Super early benchmark result of Vega 20 demonstrates questionable improvement over Vega 10.
AMD Vega 20
A die-shrinked Vega 10 has appeared in AMD labs last week, as revealed by the company on social media. Luckily for us, one of the employees was not careful enough and forgot to disable online result validation. This gave us the first result of yet unreleased Vega 20 graphics card.
The card used in this test is clearly an engineering sample running on early drivers. Officially AMD Vega 20 only goes into 7nm Radeon Instinct, which is a graphics card for machine learning, a card which even lacks display connectors.
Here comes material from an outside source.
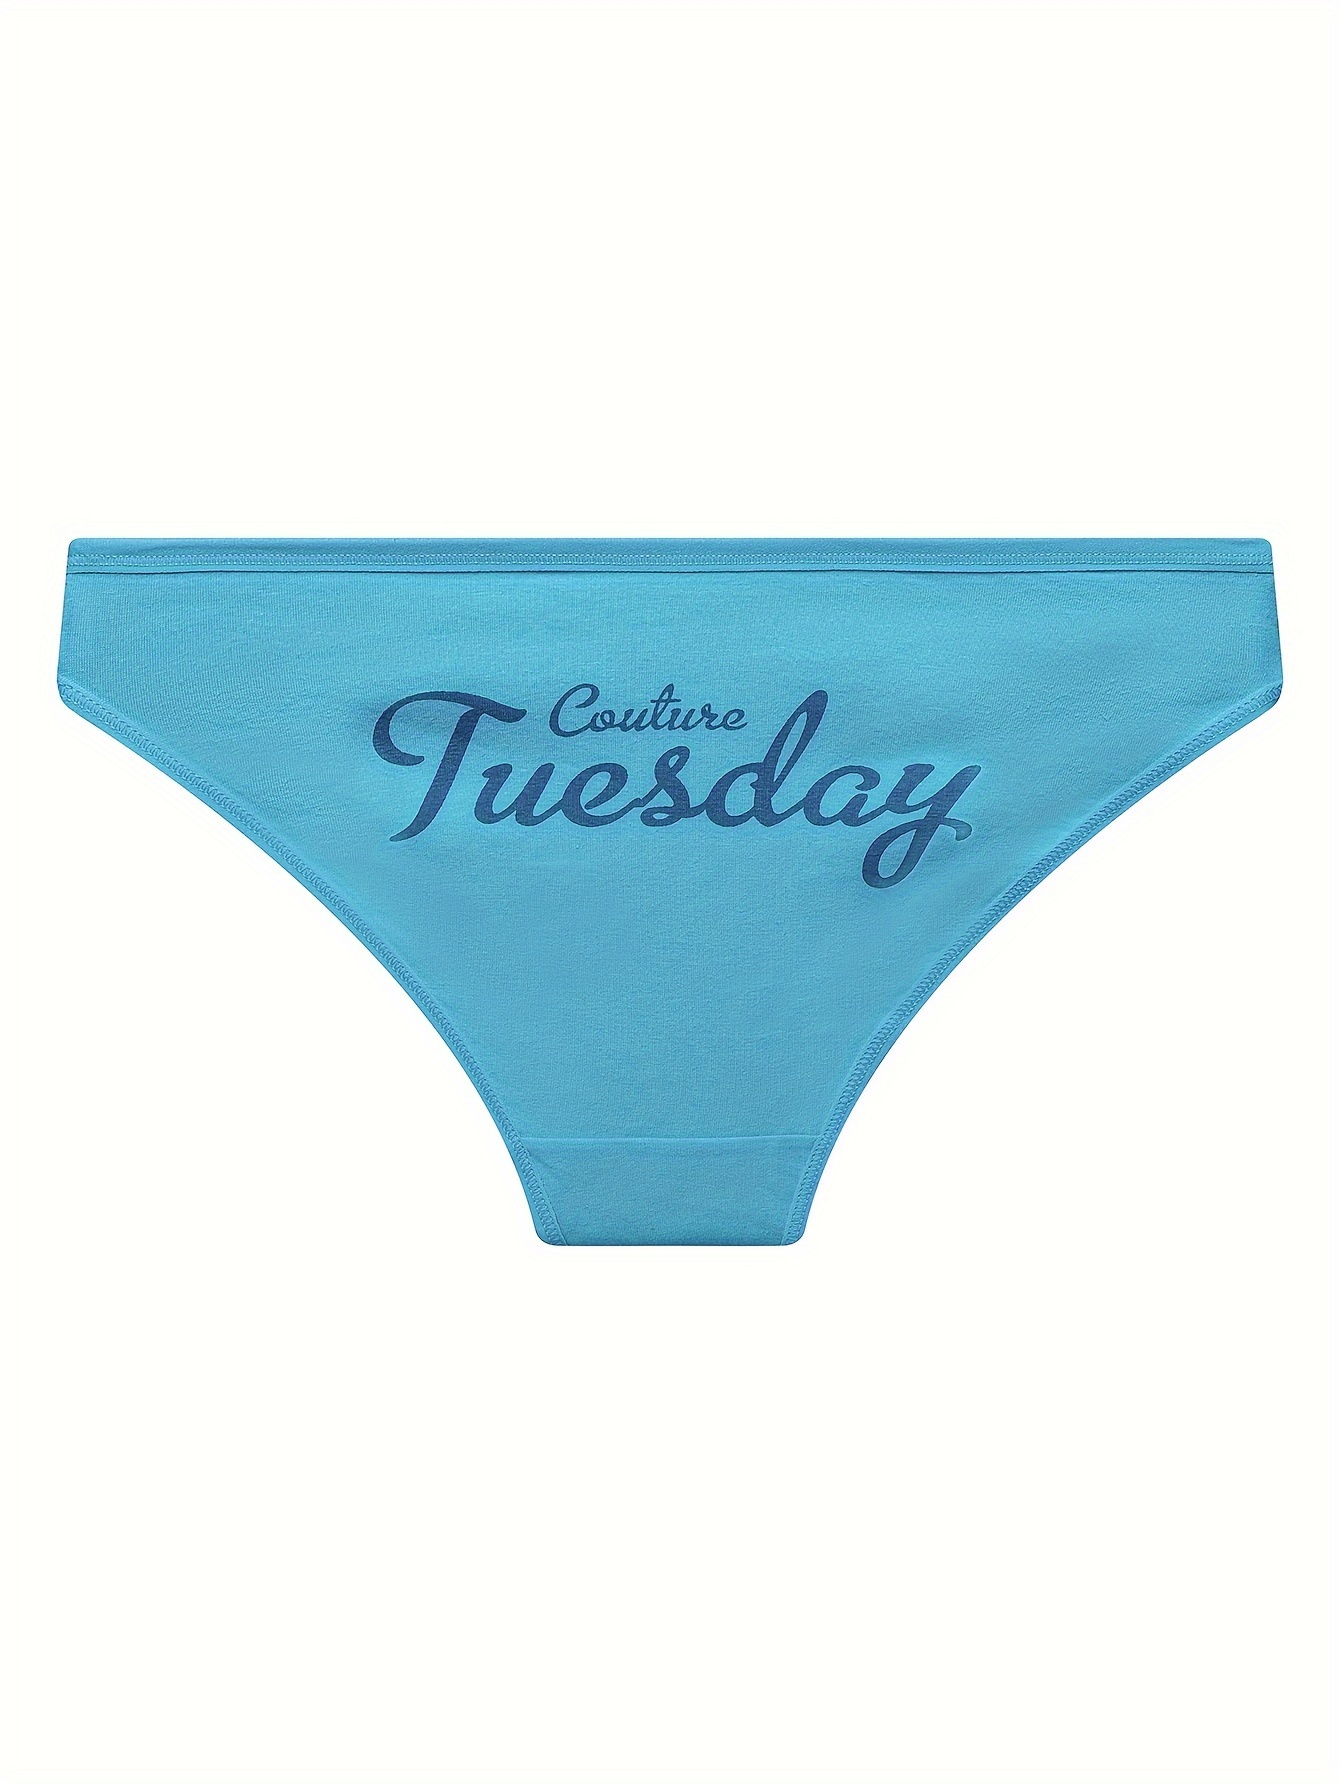 Every Day Cotton Underwear Women 7 Days Of Week Thongs G
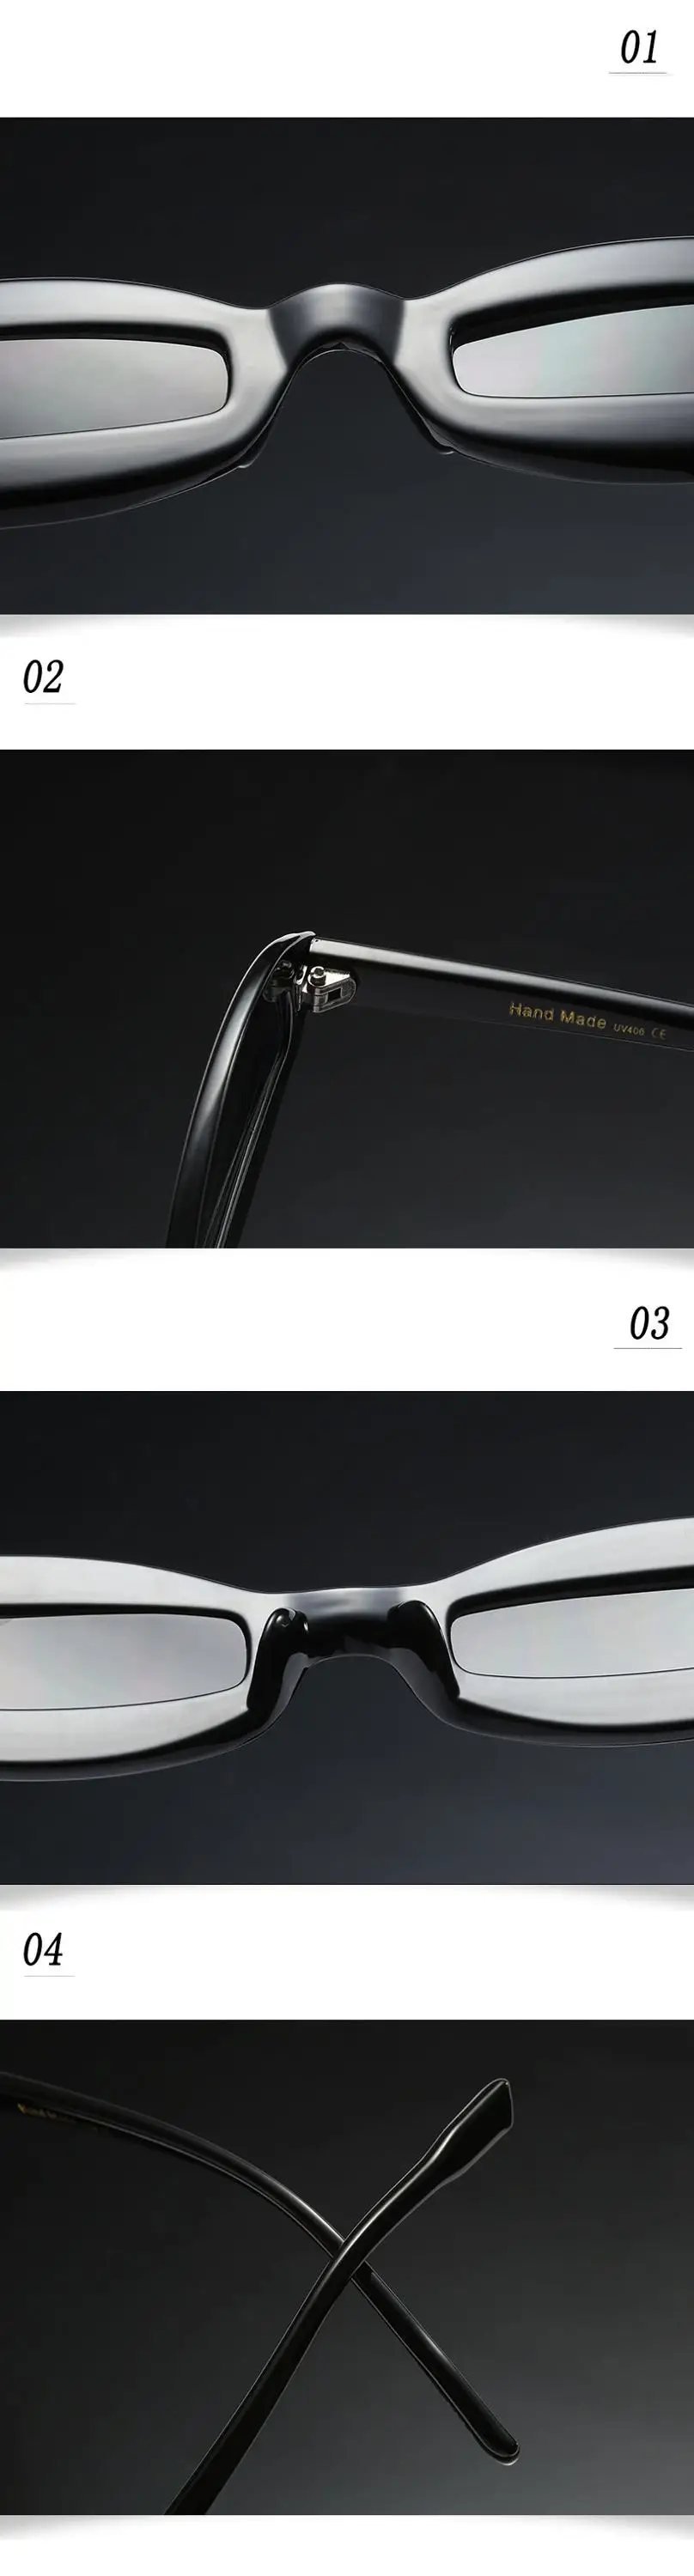 Trendy Designer Authentic Oval Frame Rectangular Lens  Oculos Lady Sunglasses

It shouldn’t really matter for us since Frontier, RX 64 and FirePro all share the same board design. The Vega 20 card that was tested by AMD could be a successor to any of those cards.
The Vega 20 graphics card will feature 32 GB of HBM2 memory, as confirmed by 3DMark listing and by our slides from last year. The device ID of 66A0 belongs to Vega 20, as confirmed by Linux display driver patches.
The clock speeds were obviously read incorrectly, but the same issue could be observed for Vega 10 before it was released (so yes, it does not mean it was running at 1000 MHz). The Vega 20 testing platform features Ryzen 7 1700.
Remember those are early results. We could be seeing much better scores in the coming days, or these could be the last scores we will see in the next few months. Impossible to say.